- Activity: Output exactly the lines that run from the top of the entries to the line holding "pin_almond-flour-pancakes", including both of those lines.

Records from a collection
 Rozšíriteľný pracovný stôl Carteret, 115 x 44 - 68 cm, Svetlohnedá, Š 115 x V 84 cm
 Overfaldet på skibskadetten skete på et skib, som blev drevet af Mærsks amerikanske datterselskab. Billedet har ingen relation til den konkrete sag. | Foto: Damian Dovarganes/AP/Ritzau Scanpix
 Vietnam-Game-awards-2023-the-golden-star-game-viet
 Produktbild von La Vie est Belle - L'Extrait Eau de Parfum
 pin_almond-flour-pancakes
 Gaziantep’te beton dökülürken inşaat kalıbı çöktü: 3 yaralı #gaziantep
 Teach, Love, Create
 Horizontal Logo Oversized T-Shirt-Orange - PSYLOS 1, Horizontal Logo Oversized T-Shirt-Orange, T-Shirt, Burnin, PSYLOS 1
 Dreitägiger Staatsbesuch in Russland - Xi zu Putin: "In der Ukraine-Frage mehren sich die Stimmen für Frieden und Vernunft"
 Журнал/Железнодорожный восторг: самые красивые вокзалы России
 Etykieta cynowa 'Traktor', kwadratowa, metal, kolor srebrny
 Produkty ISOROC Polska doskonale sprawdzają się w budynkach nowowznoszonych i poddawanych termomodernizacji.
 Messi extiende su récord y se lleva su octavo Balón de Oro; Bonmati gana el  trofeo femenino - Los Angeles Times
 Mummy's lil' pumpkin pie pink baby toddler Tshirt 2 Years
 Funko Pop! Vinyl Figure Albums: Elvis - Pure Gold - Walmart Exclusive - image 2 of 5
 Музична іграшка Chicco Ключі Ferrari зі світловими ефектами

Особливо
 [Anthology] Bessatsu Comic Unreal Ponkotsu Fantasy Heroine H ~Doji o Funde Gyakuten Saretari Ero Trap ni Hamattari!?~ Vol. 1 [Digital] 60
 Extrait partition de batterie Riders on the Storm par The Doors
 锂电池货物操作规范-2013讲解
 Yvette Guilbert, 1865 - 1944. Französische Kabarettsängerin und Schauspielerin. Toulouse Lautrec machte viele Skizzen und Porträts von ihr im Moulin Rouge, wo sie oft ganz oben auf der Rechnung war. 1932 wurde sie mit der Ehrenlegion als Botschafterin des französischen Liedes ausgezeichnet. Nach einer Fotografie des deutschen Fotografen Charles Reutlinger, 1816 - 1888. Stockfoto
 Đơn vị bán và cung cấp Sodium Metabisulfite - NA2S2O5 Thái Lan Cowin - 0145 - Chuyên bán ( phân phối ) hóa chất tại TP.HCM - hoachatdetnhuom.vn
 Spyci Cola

- Answer for this exercise:
 Rozšíriteľný pracovný stôl Carteret, 115 x 44 - 68 cm, Svetlohnedá, Š 115 x V 84 cm
 Overfaldet på skibskadetten skete på et skib, som blev drevet af Mærsks amerikanske datterselskab. Billedet har ingen relation til den konkrete sag. | Foto: Damian Dovarganes/AP/Ritzau Scanpix
 Vietnam-Game-awards-2023-the-golden-star-game-viet
 Produktbild von La Vie est Belle - L'Extrait Eau de Parfum
 pin_almond-flour-pancakes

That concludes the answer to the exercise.